# ACSI prices going up in January



## cavaqueen (Mar 27, 2006)

Hi there,

 We have just received our ACSI book and have noticed that the prices from January are 12 14 16 or 18 euros, a lot of the sites have gone up 2 euros a day. Marjal at Crevillente is going to be 16 euros & Marjal here at Guardamar is going to be 18 euros.

I still think it is good value for money for these sites as they both have great facilities, but some sites don't have much more than the aires which are considerably cheaper, I am concerned that some sites will get greedy and charge the maximum 18 euros, just because they can.

Cavaqueen


----------



## Al42 (Aug 4, 2011)

just because they can. 

Unfortunately that's how business works.

Vote with your feet !!


----------



## GerryD (Sep 20, 2007)

Still darned good value when compared to the prices shown for the same sites in the Caravan Club directory.
This is the leisure industry, you expect to face high prices.
Gerry


----------



## TheNomad (Aug 12, 2013)

Used to use ACSI a LOT. 
But over the past 3 or 4 years we've gradually moved away from dependence on full camp-sites in favour of Aires or wild camping.

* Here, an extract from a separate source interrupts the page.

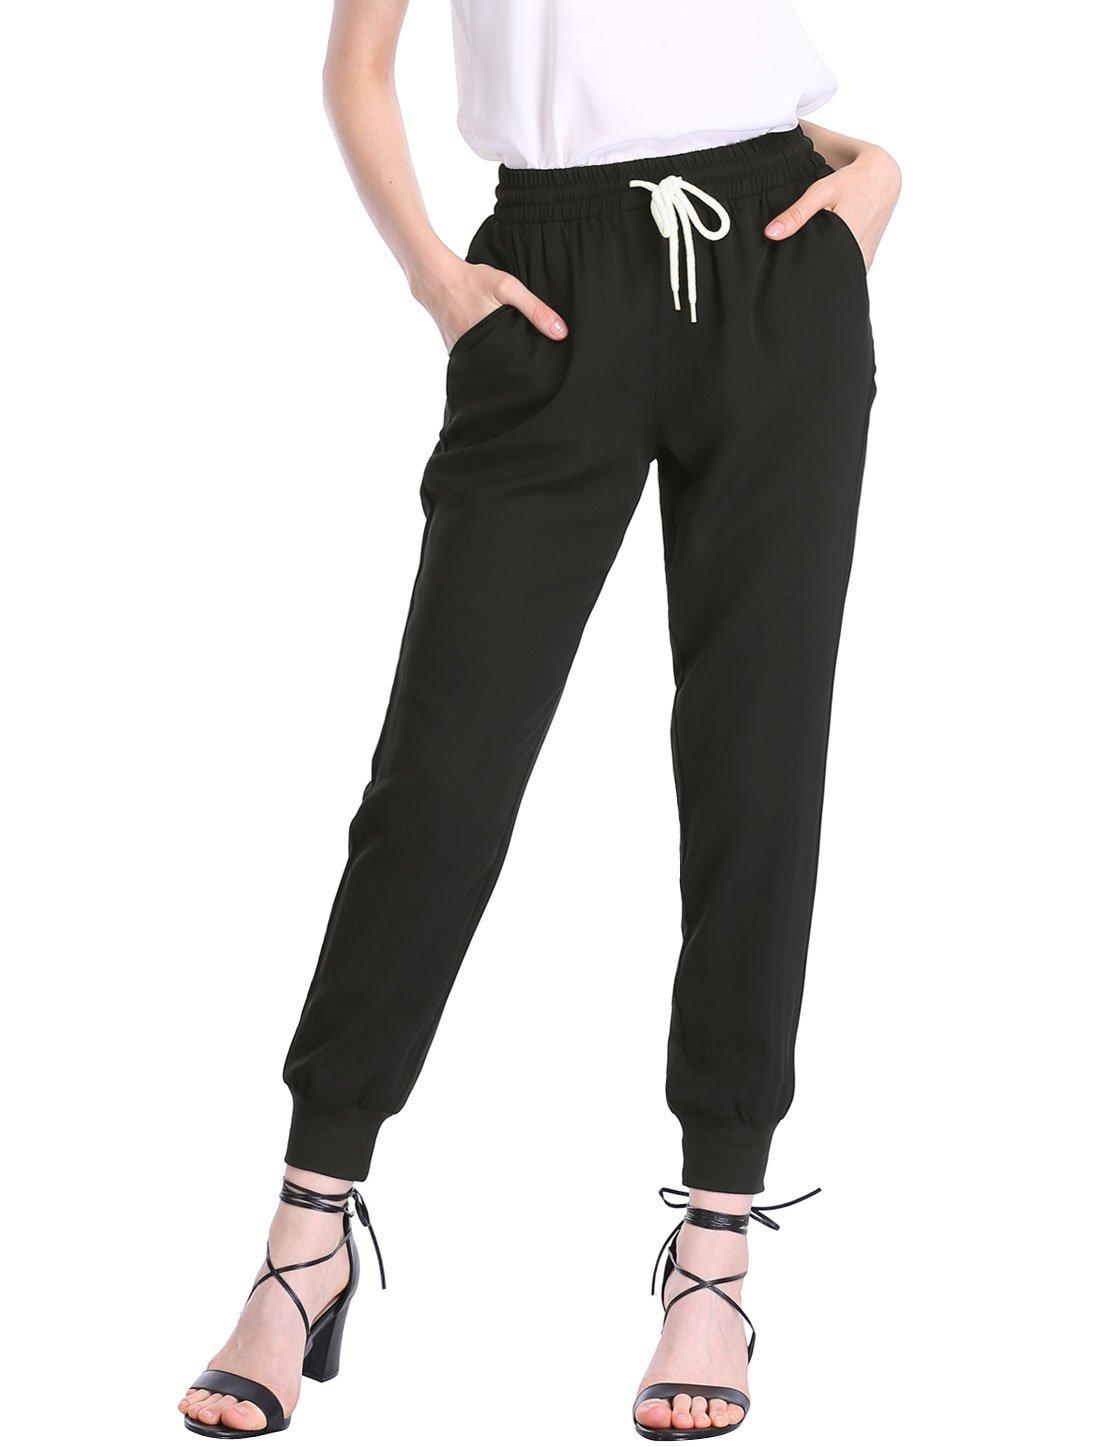 Allegra K Women's Drawstring Elastic Waist Cropped Jogger Pants Black XS

In part I think this is due to us touring in the MH more and more....the costs of campsites, even at ACSI prices, starts to really mount up when in total you are in your MH in 3 or 4 long tours totalling 25 or more weeks each year.

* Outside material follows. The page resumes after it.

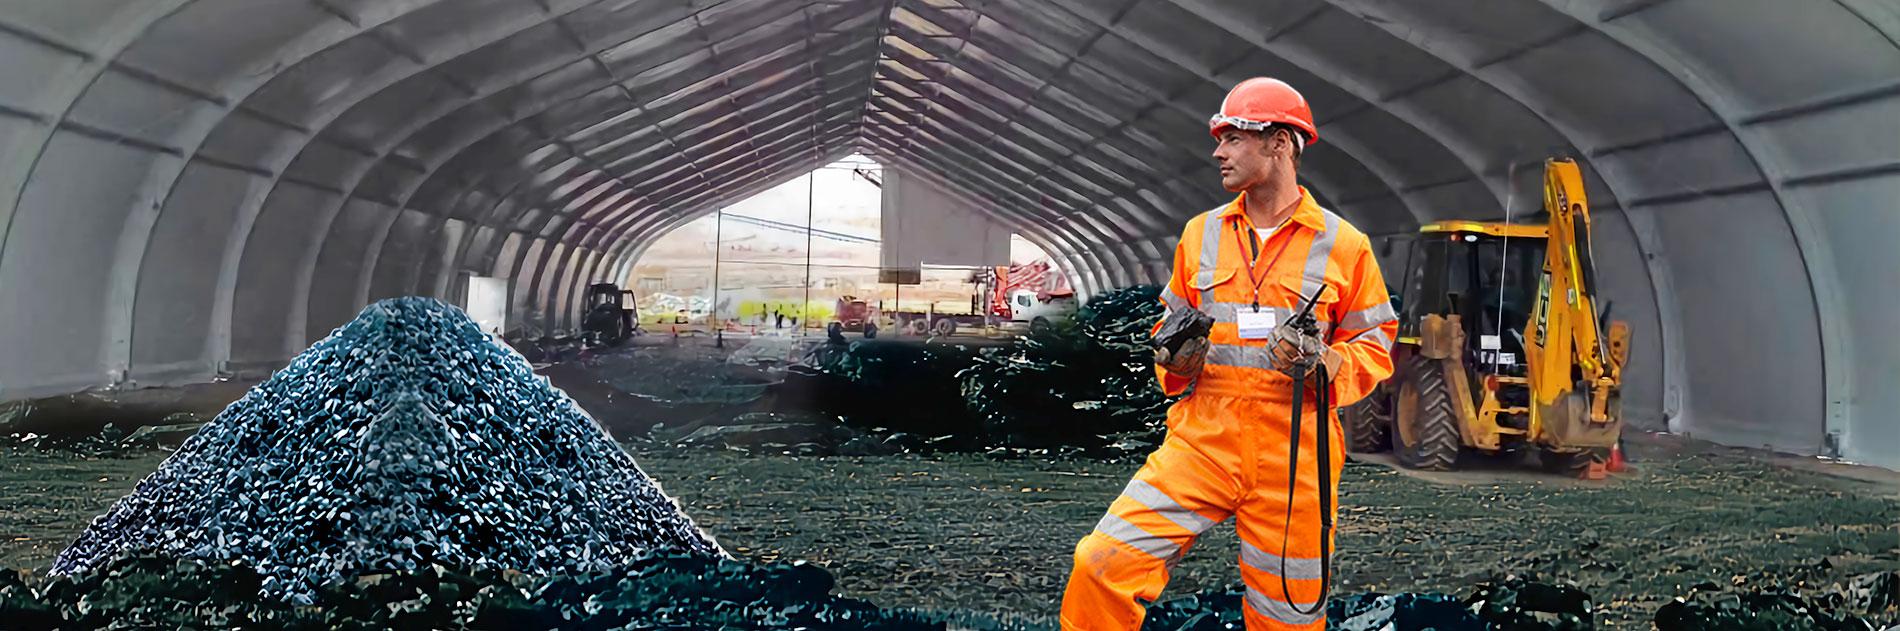 tfs-mining-shelter-temporary-construction-tents

I think also we've got more confident and comfortable in using our MH independently, without the umbilical of EHU, and have found more freedom to travel and stay in a much wider range of locations. Aires in particular. We now enjoy that more than going from campsite site to site; or staying on one campsite for weeks at a time.

We do still use ACSI sites, but only very very rarely now...for clothes washing, for a treat, or because we can't find anything cheaper/better for us in that location.

I still think ACSI is a brilliant scheme across Europe; but it's getting a lot more expensive than maybe 5 years ago.


----------



## tubbytuba (Mar 21, 2007)

Mix and match is the way to go - for us at least. 

A few that we are considering are in the 12/14 euros range which is still good value for the area/ facilities etc.
But will be using aires and wild spots to keep costs down.


----------



## teemyob (Nov 22, 2005)

I still think it is good value.

But many have started charging tourist tax On top of the fees.

Compared to UK sites which are often very basic. Many of the ACSI Sites are good value.

There are some with fantastic heated pool, fitness and sauna rooms.

TM


----------



## bognormike (May 10, 2005)

still excellent value, just compare it with a night at a CC or CCC site, or an independent site in the UK? And you could use it in the UK, not many sites, but certainly better than their regular rates.


----------



## barryd (May 9, 2008)

This is the second increase in the last couple of years. I wonder how they justify this. Many businesses are having to cut their charges to gain business. My hourly rate is half what it was pre-recession.

18 euros out of high season with a possible tourist tax on top. Not exactly cheap anymore. I think it may be of benefit still in places like Switzerland perhaps where Aires are thin on the ground and wilding not as easy but for the likes of France, Germany and Italy where you are falling over Aires, Stellplatz and Sostas and wilding is easier I wouldnt bother. Municiple campsites out of high season are probably much cheaper.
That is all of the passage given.